Le risque d'une implication directe de l'Otan face à Moscou et d'une escalade majeure dans la guerre en Ukraine s'est éloigné mercredi. Les responsables de l'Alliance ont contredit les accusations de Kiev d'un tir de missile russe contre la Pologne.

La Russie a nié avoir tiré un missile sur un village polonais près de la frontière avec l'Ukraine. Varsovie elle-même a jugé "hautement probable" qu'il s'agisse d'un projectile anti-aérien ukrainien, évoquant "un accident malheureux".

Le missile a tué deux hommes à Przewodow en frappant un bâtiment agricole mardi, laissant la Pologne sous le choc, son armée en état d'alerte renforcée. Le drame faisait craindre que l'Otan soit entraînée dans le conflit en Ukraine, la Pologne étant protégée par un engagement de défense collective de l'Alliance atlantique.

Défense anti-aérienne

"L'incident a été probablement causé par un missile de système ukrainien de défense anti-aérienne tiré pour défendre le territoire ukrainien contre les missiles de croisière russes", a déclaré le chef de l'Otan, Jens Stoltenberg, après une réunion de crise à Bruxelles.

"Rien n'indique qu'il s'agissait d'une attaque intentionnelle contre la Pologne", a également affirmé le président polonais Andrzej Duda.
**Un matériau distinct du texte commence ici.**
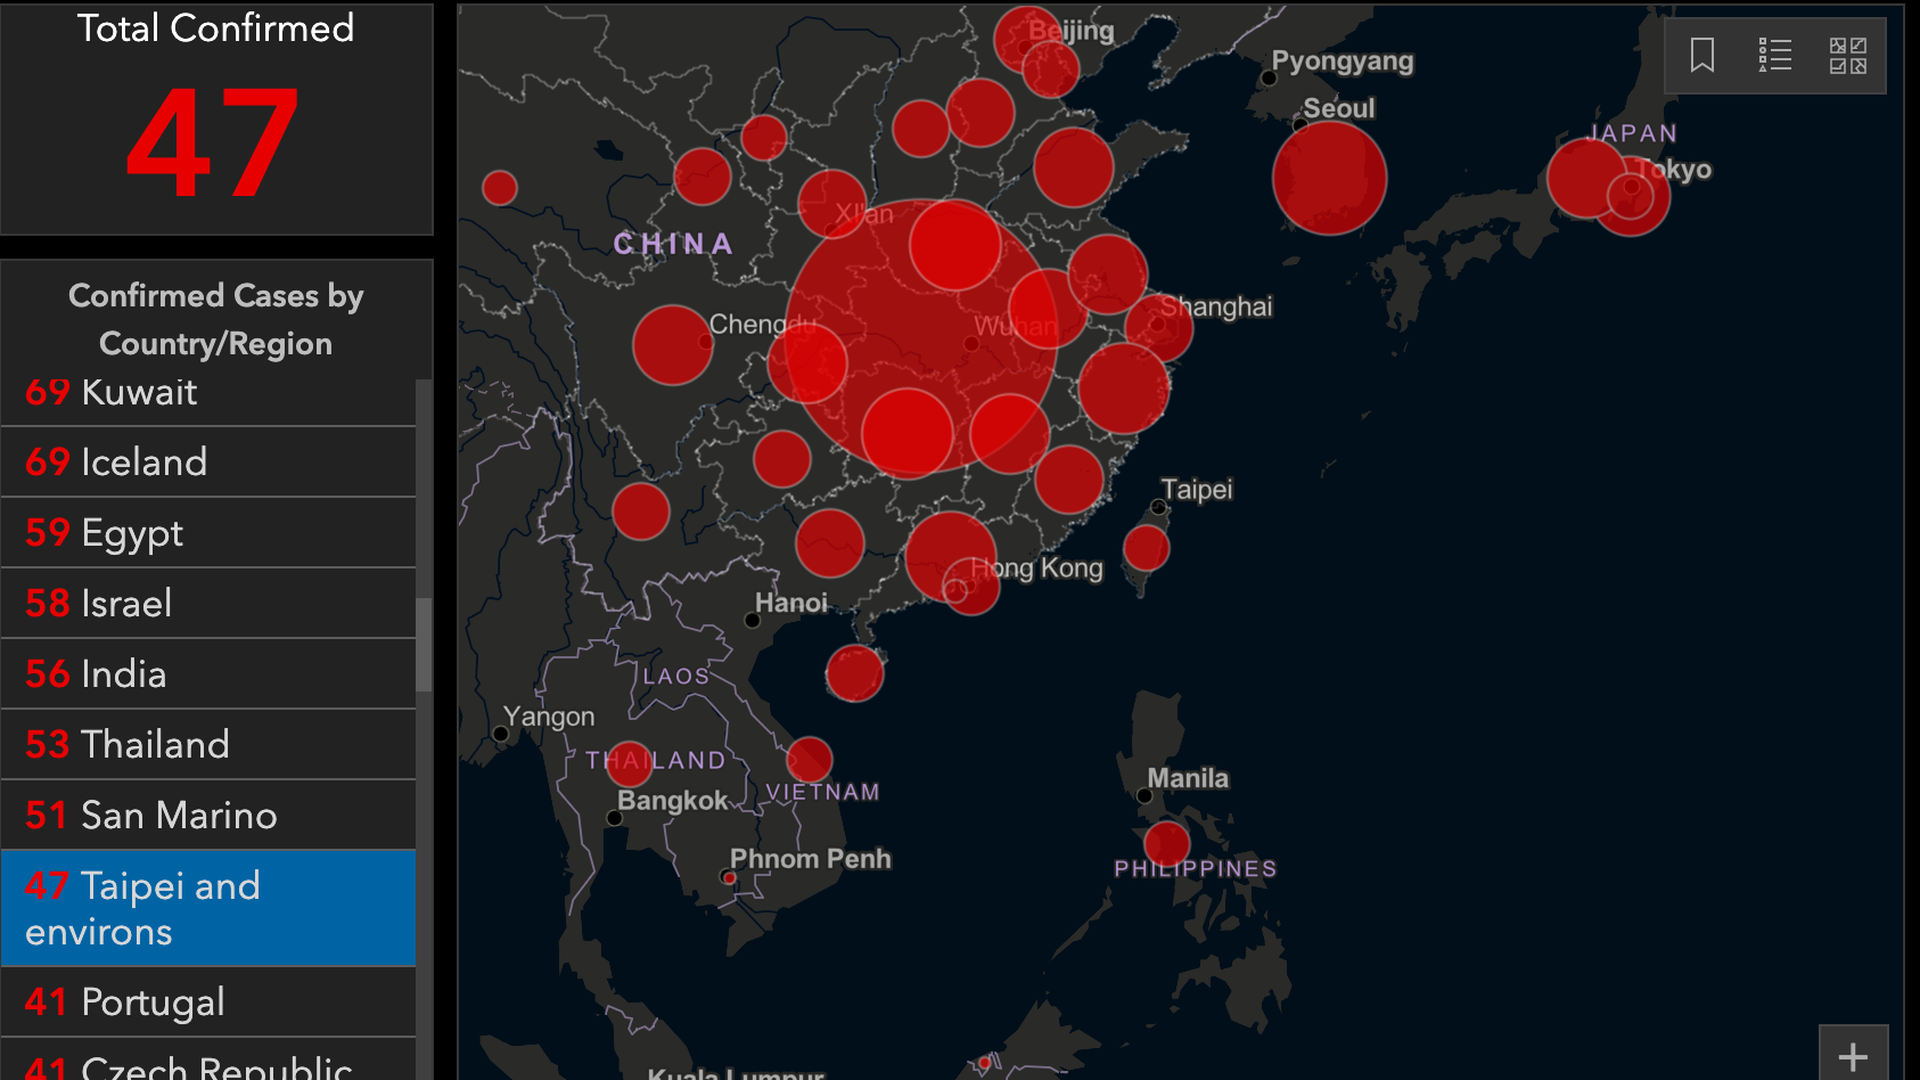 A heat map showing number of coronavirus cases in China, and in "Taipei and environs."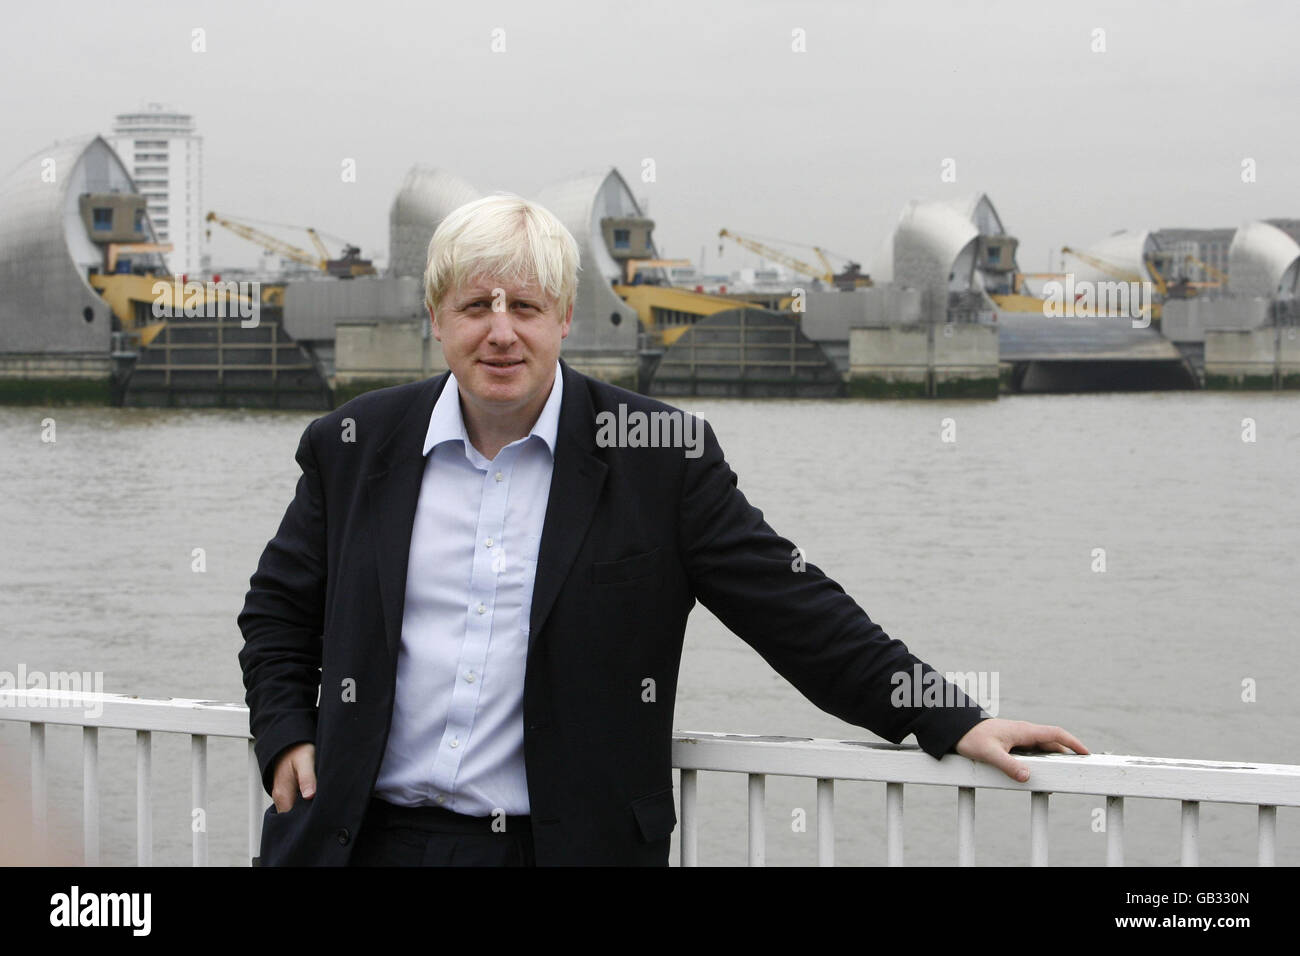 The Mayor of London Boris Johnson launches London's Climate Change Adaptation Strategy by the Thames Barrier in east London. Stock Photo

Le ministre américain de la Défense a lui insisté sur le "contexte" des frappes russes ciblant des infrastructures civiles ukrainiennes pour expliquer le tir du missile.

"La Russie accuse revers après revers sur le champ de bataille et met les civils ukrainiens et les infrastructures civiles dans son viseur", a souligné le ministre américain Lloyd Austin en ouverture d'une réunion virtuelle du Groupe de contact pour la défense de l'Ukraine, qui compte près de 50 pays.

Kiev veut accéder au point de chute

L'Ukraine a pour sa part réclamé "un accès immédiat" au point de chute du missile en Pologne. "Nous sommes prêts à remettre la preuve de la trace russe que nous avons", a affirmé le secrétaire du Conseil national de sécurité et de défense ukrainien, Oleksii Danilov. Mais depuis Bali (Indonésie) où le G20 était réuni en sommet, le président américain Joe Biden a lui aussi jugé "improbable" que le missile ait été tiré par la Russie.

"Je vais m'assurer que nous puissions déterminer ce qu'il s'est passé exactement" avant de décider d'une réaction, a-t-il déclaré à l'issue d'une réunion d'urgence mercredi des dirigeants des grandes puissances du G7 (Etats-Unis, France, Allemagne, Royaume-Uni, Italie, Canada, Japon), en Indonésie, en marge du G20.

"Retenue" saluée

Moscou a salué la "retenue" de Washington et convoqué l'ambassadeur polonais en Russie. "Les frappes de haute précision n'ont été menées que sur le territoire de l'Ukraine à une distance supérieure à 35 kilomètres de la frontière ukraino-polonaise", a affirmé le ministère russe de la Défense. Selon lui, "les débris retrouvés en Pologne "ont été identifiés de manière catégorique par des spécialistes russes (...) comme un élément d'un missile guidé antiaérien des systèmes de défense antiaérienne S-300 des forces armées ukrainiennes".

La Pologne avait réuni mardi en urgence son Conseil de sécurité nationale et convoqué l'ambassadeur de Russie pour "des explications détaillées immédiates". "Nous avons affaire aux conséquences des actions de la Russie. Ces conséquences, pour la première fois depuis le début de la guerre (...) ont touché la Pologne, des citoyens polonais ont été tués", a souligné mercredi Pawel Jablonski, vice-ministre polonais des Affaires étrangères, à l'agence PAP.

"Eviter l'escalade"

Mao Ning, porte-parole du ministère chinois des Affaires étrangères, a appelé "toutes les parties concernées" à "rester calmes et faire preuve de retenue afin d'éviter une escalade". Il est "absolument essentiel d'éviter l'escalade de la guerre en Ukraine", a aussi exhorté le secrétaire général des Nations unies Antonio Guterres, réclamant une "enquête approfondie".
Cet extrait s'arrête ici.